This was the end of the 60's. Music and a youth culture was blossoming. Rebelling too. Post-war was a land fit for heroes. My uncle- the dad of these kids joined the navy at the age of 15. A slight, rural boy. Welsh born. He was discharged in 1943 as unfit. He killed himself in 1970.

Anger does not describe my reaction to these events. All the glorious things I was taught seemed to be one big lie. I was very sensitive and experienced a whole heap of shame and pain.

Having said that I have had to come to terms with my own life and my world. The fate of my sister for instance was less dramatic- but no less tragic.

Recently, with world events swirling around I have begun to promise myself a better world. To begin with me and in my own corner.

The family tradition says that he jumped overboard one time. And the whole convoy had towing round to pick him up.

What was he trying to run away from I might ask?

I don't actually believe that he was instrumental in trafficking his own sons.

I know today about the principle of learned helplessness. 

This explains the situation for me.

I go back and back again to Step 1 and contemplate my own helplessness. And I apply the serenity prayer.

i have found ways of being less helpless. Of being able to take initiative.

To consider care and protection of a young generation. And now, to have practical measures to make this possible.

 

Up the river is the home town of my late uncle, mum and 10 of a family. 

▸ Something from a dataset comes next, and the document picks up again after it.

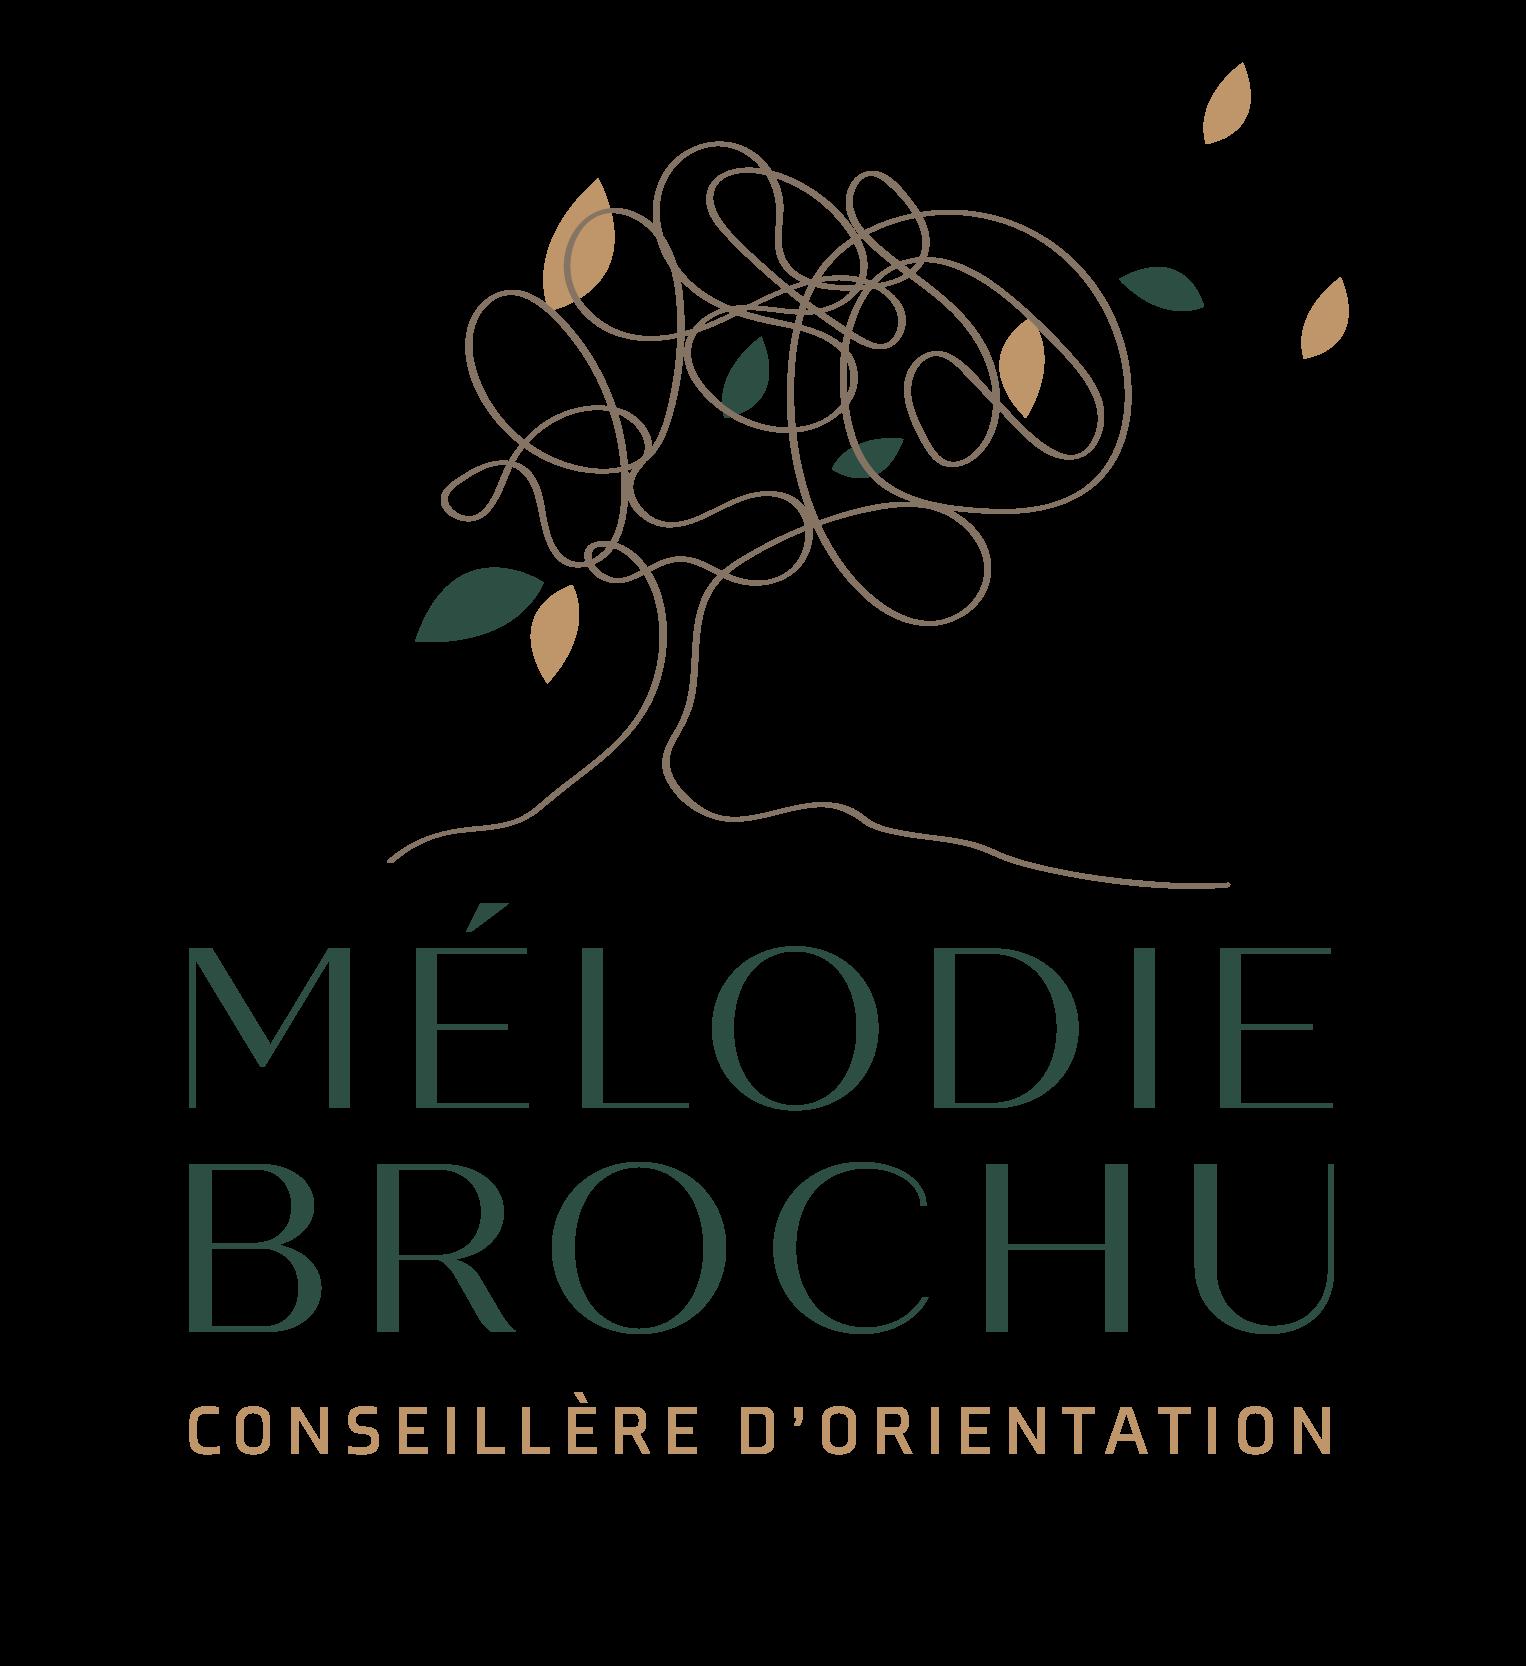 Mélodie Brochu, conseillère d'orientation
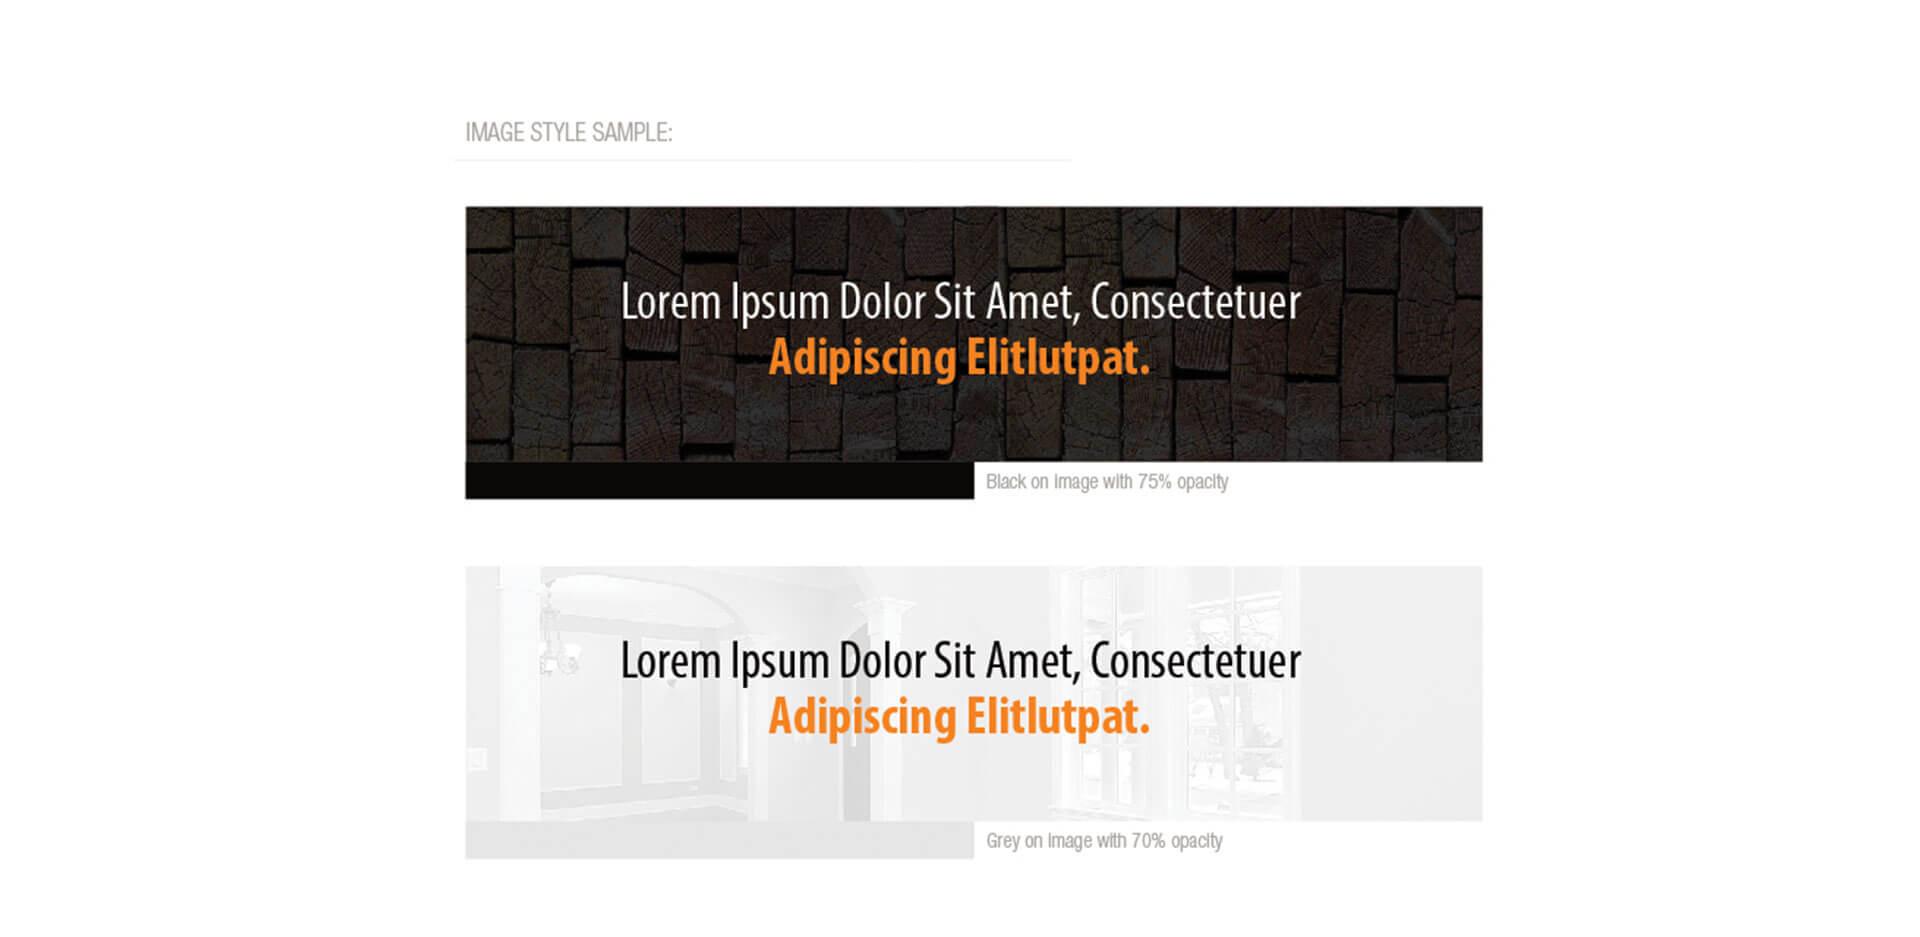 Brand-Guide-slider-image-style-sample

I have always liked the meeting up there. At our assembly- just last weekend- the GR did not come. But i went to her meeting during the week and provided feedback and support. I was very warmly received. The group is, to some extent a victim of Covid. A tourist town hard hit with no tourists.

One other member there- a newcomer- from North America- stranded in NZ.

Let it begin with me.

We can honour Betty every day- in carrying on her work. Absorbing the truth the was able to pass on, and making it our own.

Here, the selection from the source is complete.